Frances Davis Alda (31 May 1879 – 18 September 1952) was a New Zealand-born, Australian-raised operatic lyric soprano. She achieved fame during the first three decades of the 20th century due to her outstanding singing voice, fine technique and colourful personality, as well as her frequent onstage partnerships at the Metropolitan Opera, New York, with Enrico Caruso.

Career
Alda was born Fanny Jane Davis in Christchurch, New Zealand, on 31 May 1879 to David Davis and Leonore Simonsen.

Leonore, a promising singer from a musical family, in September 1880 divorced David and resumed her singing career. Fanny spent her early years traveling with her mother on her operatic tours. After false starts in Australasia, she took Fanny and her younger brother to San Francisco, California in 1883. Leonore Davis remarried but died of peritonitis in San Francisco on 29 December 1884, shortly after remarrying, to Herman Adler. After her mother's death, Alda was sent to live with her maternal grandparents, Martin and Fanny Simonsen, in Melbourne, Victoria, Australia.

She sang in productions of Gilbert and Sullivan in Melbourne before leaving Australia for Europe at the age of 22 in order to undertake additional study and pursue an international singing career like her future soprano rival Nellie Melba. After receiving lessons in Paris from the renowned teacher Mathilde Marchesi, who gave her her stage name, Alda made her debut at the Opéra-Comique in 1904 in Jules Massenet's Manon. She appeared at the Royal Opera House Covent Garden in 1906, and at La Scala, Milan, during the 1906-08 seasons.

In 1908, the former La Scala impresario Giulio Gatti-Casazza became director of the Metropolitan Opera. On 7 December 1908 Alda made her debut there. On 4 April 1910, Alda and Gatti-Casazza married. According to American Art News (New York, 19 March 1910), Adolfo Müller-Ury was painting Alda just before her marriage. It was in New York that Alda furthered her career, appearing to acclaim in such famous operas as Martha, Manon Lescaut, Otello, Faust, Mefistofele and La bohème. She began recording for the Victor Talking Machine Company in 1908 and several of her records became best-sellers. She created the title roles in Victor Herbert's Madeleine and Henry Hadley's Cleopatra's Night as well as Roxane in Walter Damrosch's Cyrano. She also sang regularly with Enrico Caruso.
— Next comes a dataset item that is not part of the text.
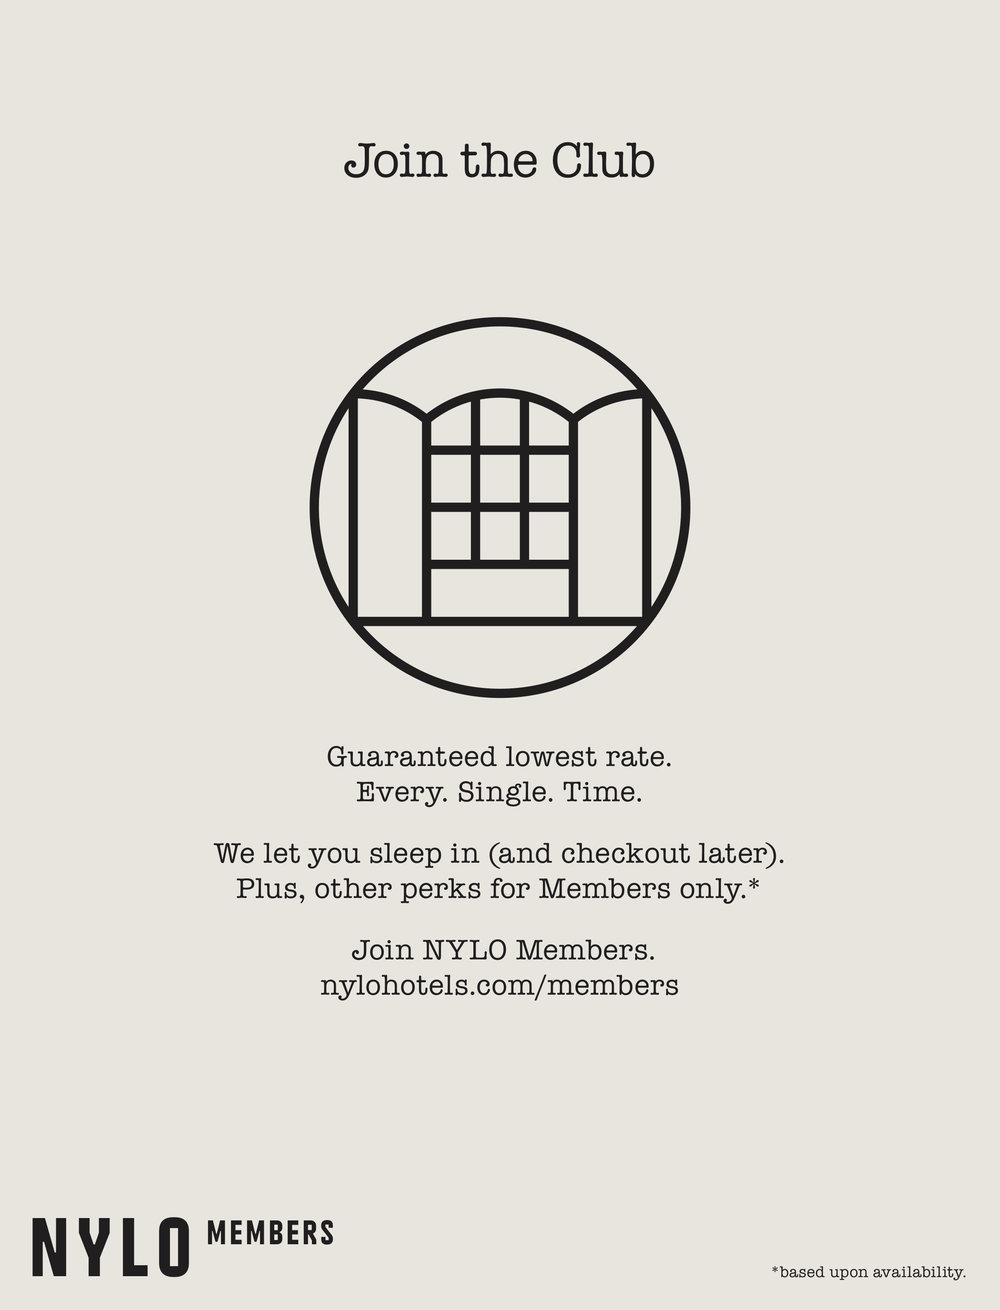 Plano_Members_Elevator_Sign (1).jpg

Alda toured Australia and New Zealand in 1927, saying in an interview she loathed the former. She and Gatti-Casazza separated the following year and then divorced. In 1929, she left the Met but continued to give concerts, make radio broadcasts and appear in vaudeville. Alda's 1937 autobiography was titled Men, Women, & Tenors.

On 14 April 1941 in Charleston, South Carolina, she married Manhattan advertising executive Ray Vir Den; he was a decade younger than she.

She had an affluent retirement in Long Island, and spent much time travelling . She died of a stroke on 18 September 1952 in Venice, Italy, aged 73.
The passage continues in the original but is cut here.